Yeah... High Kicks work in the real world.  Tee Hee


----------



## oaktree (Nov 20, 2010)

The guy he was trying to start the fight with is extremely nice I am  not sure if I would just stomp his head or just fall down laughing.

That could be an interesting question if a guy tries a martial art move and fails and hurts himself will you laugh at him or kick his *** first?


----------



## Tanaka (Nov 20, 2010)

I wouldn't tell that to superkick vick.


----------



## seasoned (Nov 20, 2010)

It looked like a good kick. I swear he was trying to hit both of them with the one kick. Just think, your out and about, then this guy and his girlfriend start giving you some crap. Thinking back, Sensei taught you this 2 for 1 kick, simple, quick, 2 birds with 1 stone type thing. I feel that anybody can miss, but it is the recovery that counts, right? He fired the kick, ducked, faked low, and was up and ready to go again. I wish we could have seen the outcome, when he knocks himself out, with a spining back kick, or something like that. :rofl:


----------



## MA-Caver (Nov 20, 2010)

His execution was decently done... just piss-poor on the targeting distance. 

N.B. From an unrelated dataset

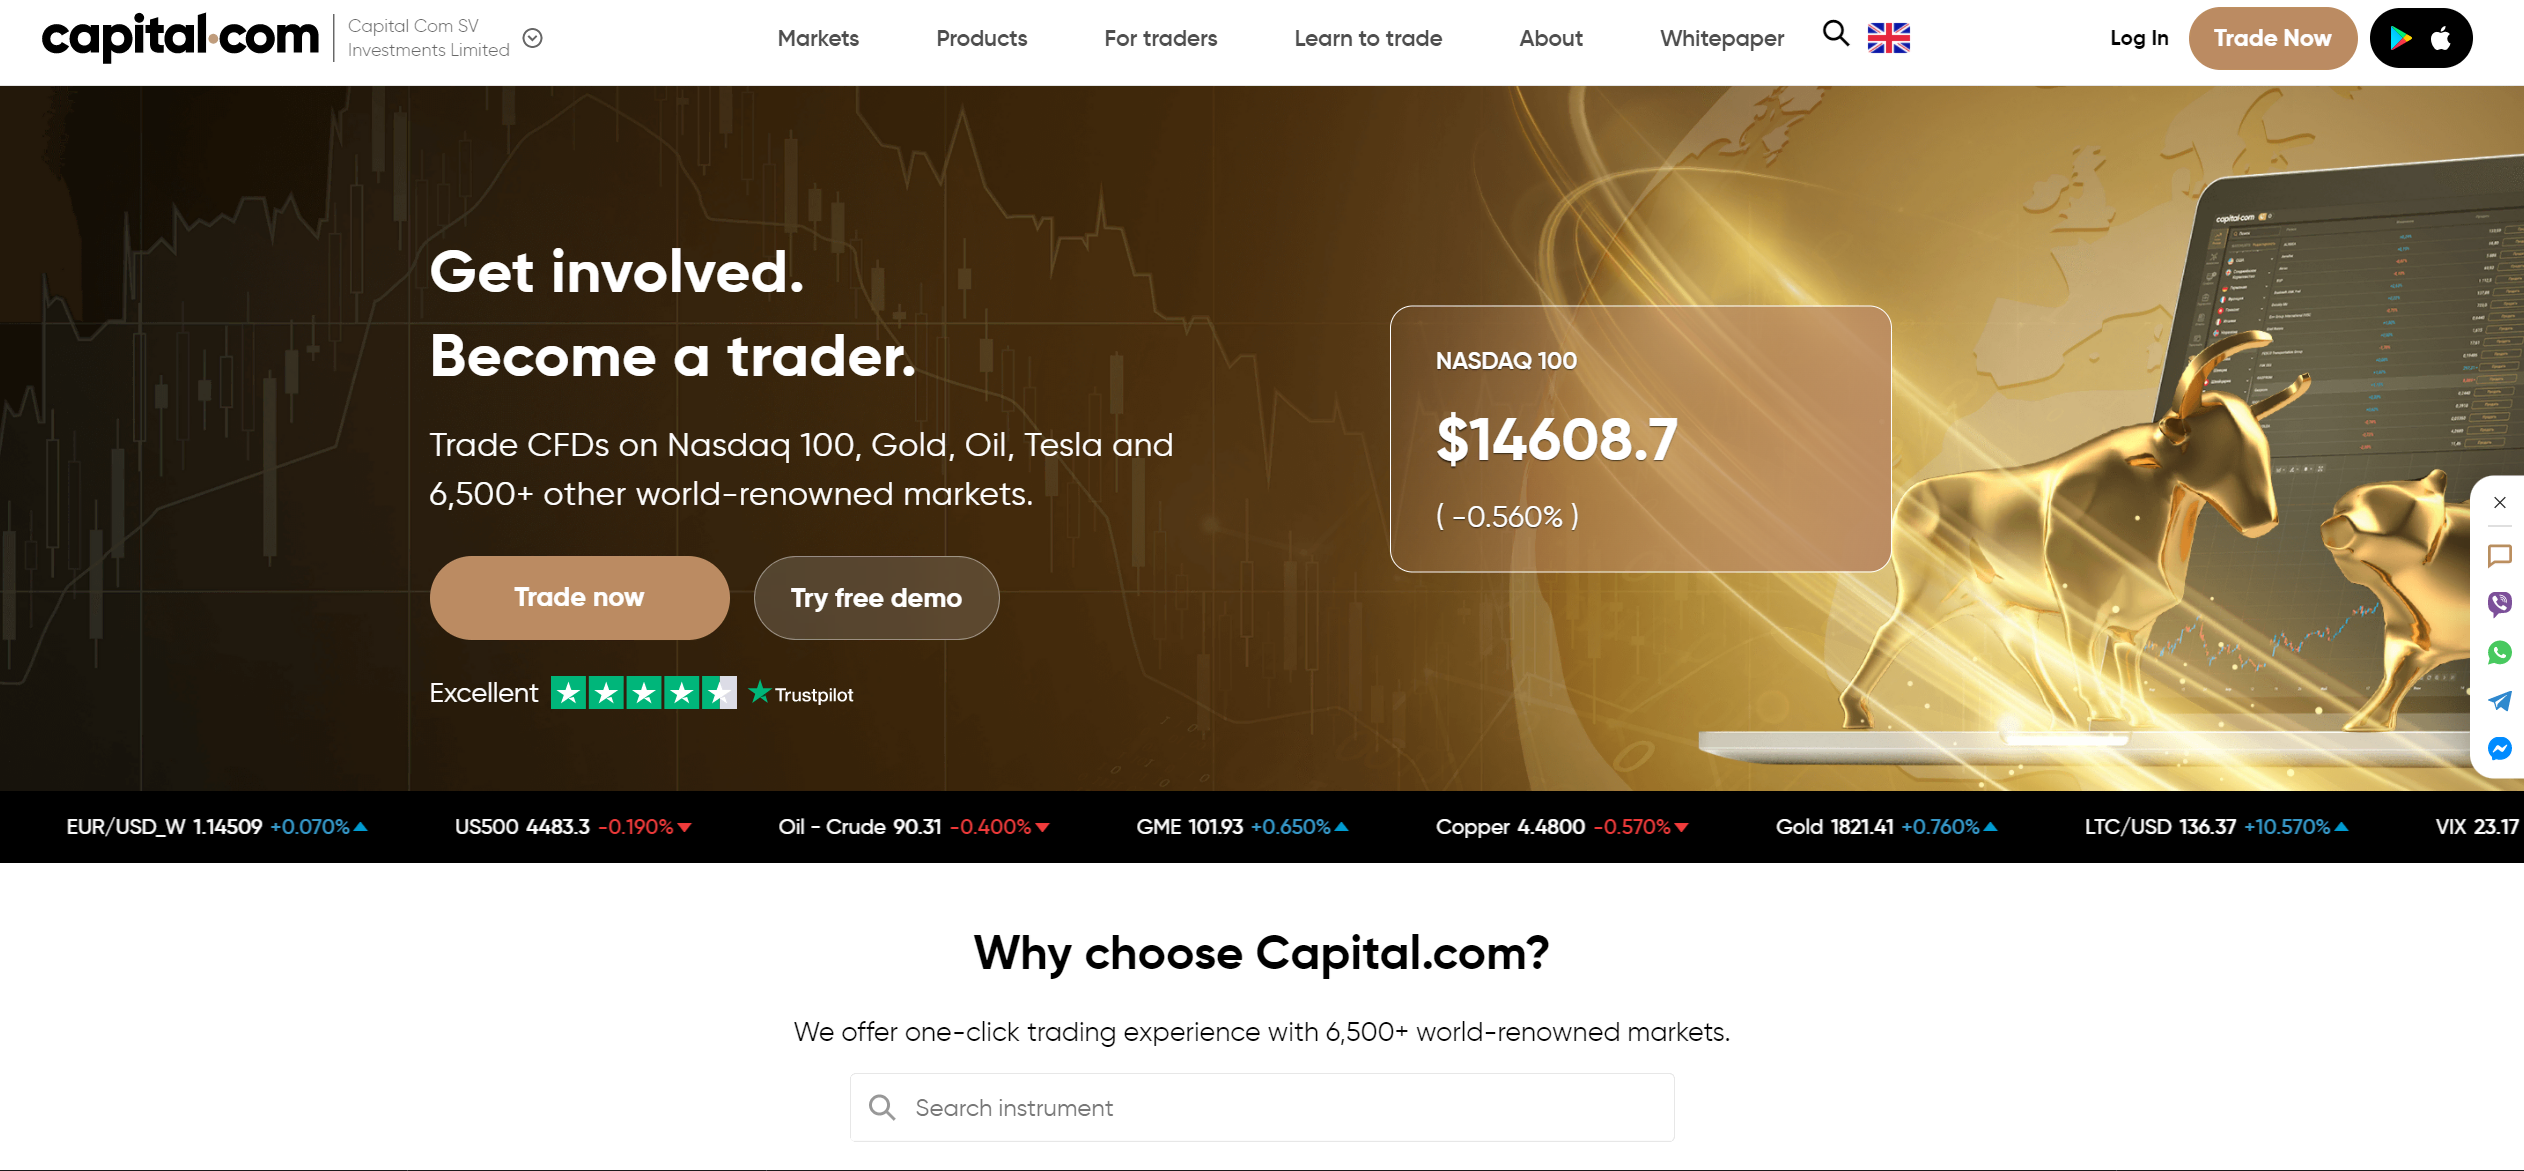 Trang web chính thức Capital.com
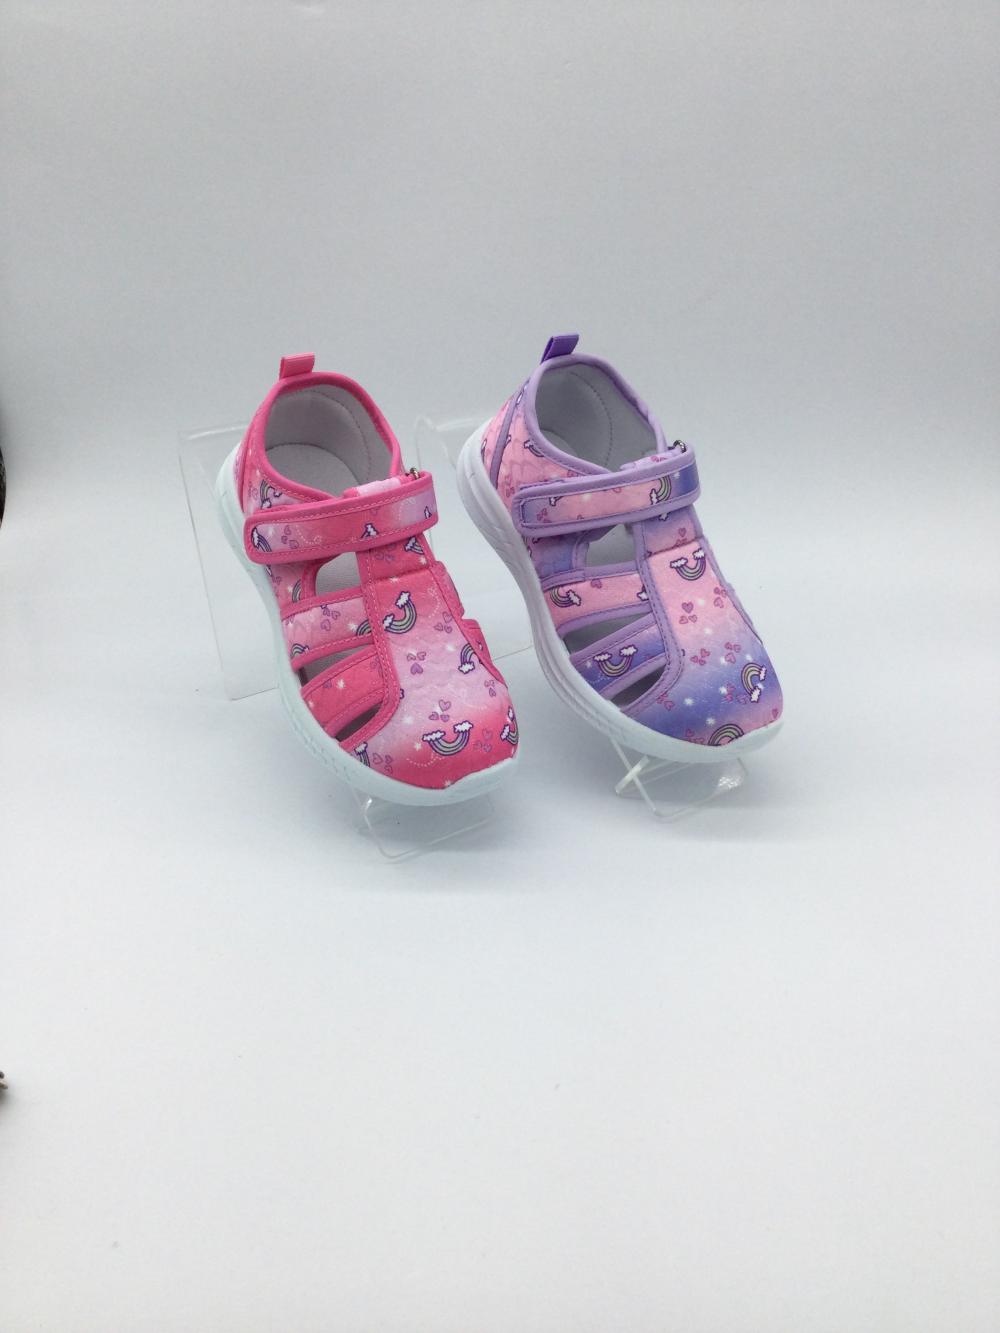 Wholesale bébé dessin animé chaussure nouvelle fille sandale

Sometimes it's guys like this that can give MA a bad name. Oh he trained all these years has this or that colored belt and he falls flat on his face. Nice going moron! 

Provided that he DID study at all...


----------



## Sukerkin (Nov 21, 2010)

First off, no martial artist who did not train at "Kobra Kai!" should be trying to start fights.  Leaving aside the moral aspects, what's the best way of not getting hurt?  Don't get hit!  What's the best way of not getting hit?  Don't be in a fight!

Secondly, wearing tight trousers and low grip shoes?  What was it that sensei said about that and kicking ... hmmm ... let me think ... :lol:


----------



## Cryozombie (Nov 28, 2010)

Another example of how not to use a high kick in a fight

http://failblog.org/2010/11/23/epic-fail-video-kick-fail-3/


----------